Learning from the past shows that for a naïve investor, it is better to stay invested in stock market for a longer time period. The value of a stock can be realised in long term, they say. And the bottom of a cycle provides perfect buying opportunity for an investor. This philosophy, known as “value investing”, is one among several ways to make money in stock market. Fund managers in west swear by this logic.

In India, however, the application of this concept in a particular fund started getting popular only few years back. “Value Funds”, as they are known in India, have made use of value investing concept to make superior returns. But many investors find it difficult to differenciate between a Value Fund and other funds. They assume that the fund that gives the biggest returns is the best fund. It is not so. Value funds are more logical when it comes to stock picking and profit booking. There would be less fluctuations along the way. Above all the concerned fund manager needs greater balance of not jumping into momentum stocks that hit the Newspaper headlines everyday. He needs his own brain to manage a Value fund. To put it simply, Value investing is like cherry picking.

While there does subsist a popular perception that value funds fare poorly against their growth counterparts, in the long run, these funds do just as well or probably even better than the markets and their growth oriented peers. The portfolios of value funds comprise undervalued stocks. They also carry the risk of getting bruised in the downturn.

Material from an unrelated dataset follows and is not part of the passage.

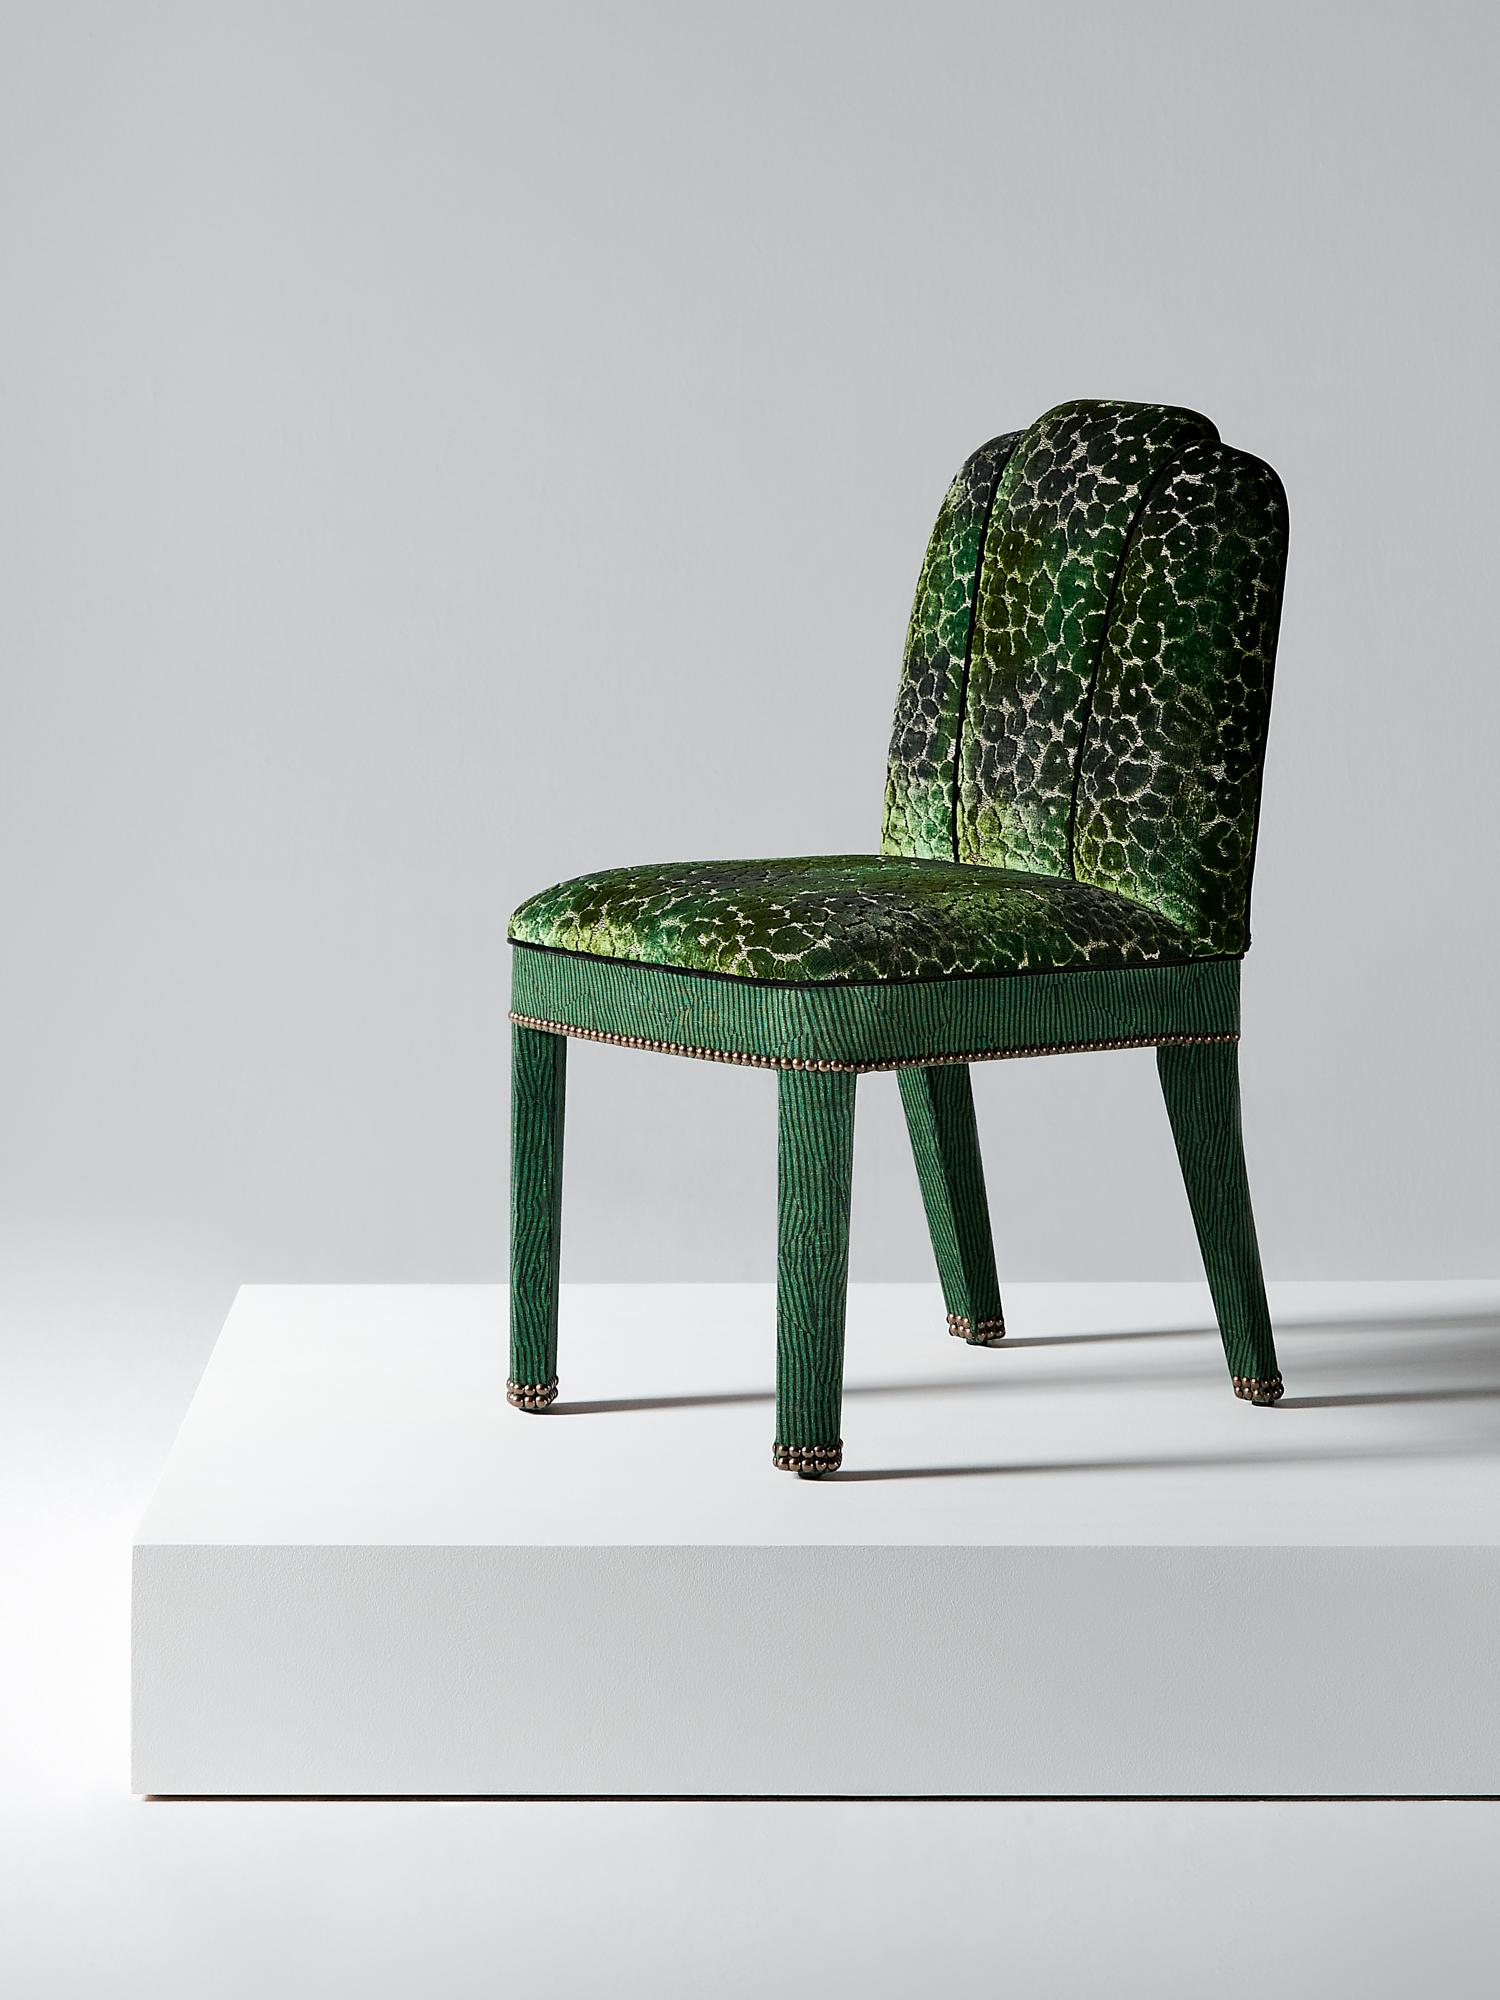 And Objects, ein von Martin Brudnizki und Nick Jeanes gegründetes Studio für Produktdesign mit Sitz in London.

Der Abbas-Esszimmerstuhl ist eine moderne Variante des klassischen gepolsterten Esszimmerstuhls. Er stützt den Rücken des Sitzenden

Yet, these funds are better placed than other mid- or small-cap funds that are basically driven by momentary trading calls.

How did they perform ?

In Bull market, during last one year alone, value funds like ICICI Prudential Discovery, Tata Equity PE, Templeton India Growth and UTI Master Value have delivered over 100% returns, beating the market returns of about 65%-70% and the 82% average returns posted by the category of diversified equity schemes. Even over the period, as long as five years, these funds have comfortably beaten the market.

In 2008 bear market, for example, while most mid- and small-cap funds were beaten down with more than 60% erosion in their net asset values (NAVs), the fall in the NAVs of the value funds was at par with that of the major market indices ranging from about 51% – 55%.


How exactly does Value Funds operate ?

The basic philosophy behind cherry picking stocks remains same among all value fund managers — pick a fundamentally good stock from a sector going through a bad phase. For instance, during calendar year 2008, auto sector was going through a turbulent phase. Higher raw material cost and slack in demand resulted in its underperformance. The Auto index, for example, got almost halved in first-half of calendar year 2008 compared to around 35% drop in Sensex. But some of the funds acquired few blue-chip auto stocks like Bajaj auto and Hero Honda at that point of time. At the current price level, these value picks have yielded far superior returns, in the range of 100%-200%. This is more or less true for many other stocks picked by these value funds at different times.

At any point in time, there will be some sectors or group of companies going through a difficult phase and their stocks prices under performing the broader market indices. Investors may look at some of these stocks that otherwise have strong fundamentals. A recent case in point is telecom sector, which is going through a very tough time, thanks to rising competition.

Another important point to consider while investing in a value stock is to look at the dividend yield figures. For instance, the stock price of Tata Steel, in recent slowdown, came down to around Rs 150 resulting in a dividend yield of around 10-11%. Such a high dividend yield has two advantages: One, it provides an assured cash flow in the hand of investors even if the stock market is in a bear phase for a longer time period. Second, the minimum amount of return — dividend yield — is assured. Other stocks like Navneet Publications, NIIT Technologies, Rallis India and Gujarat Mineral Development Corporation among others. And the range of dividend yield for these stocks varies from 5-12%.

To sum up : The charactes of Value stocks are:
(1). Low PE stocks
(2). High Dividend Yield stocks
(3). Value funds are mostly Multicap in nature. What ever stocks that fit in the above two points are eligible in the 'VALUE' category.

By the time you read this article, many of us would have made up our mind to pick value stocks by ourselves. Honestly speaking, it is difficult to have a steady mind - that too in a volatile market. Hence it is ideal to invest in those mutual funds which invest with a Value style.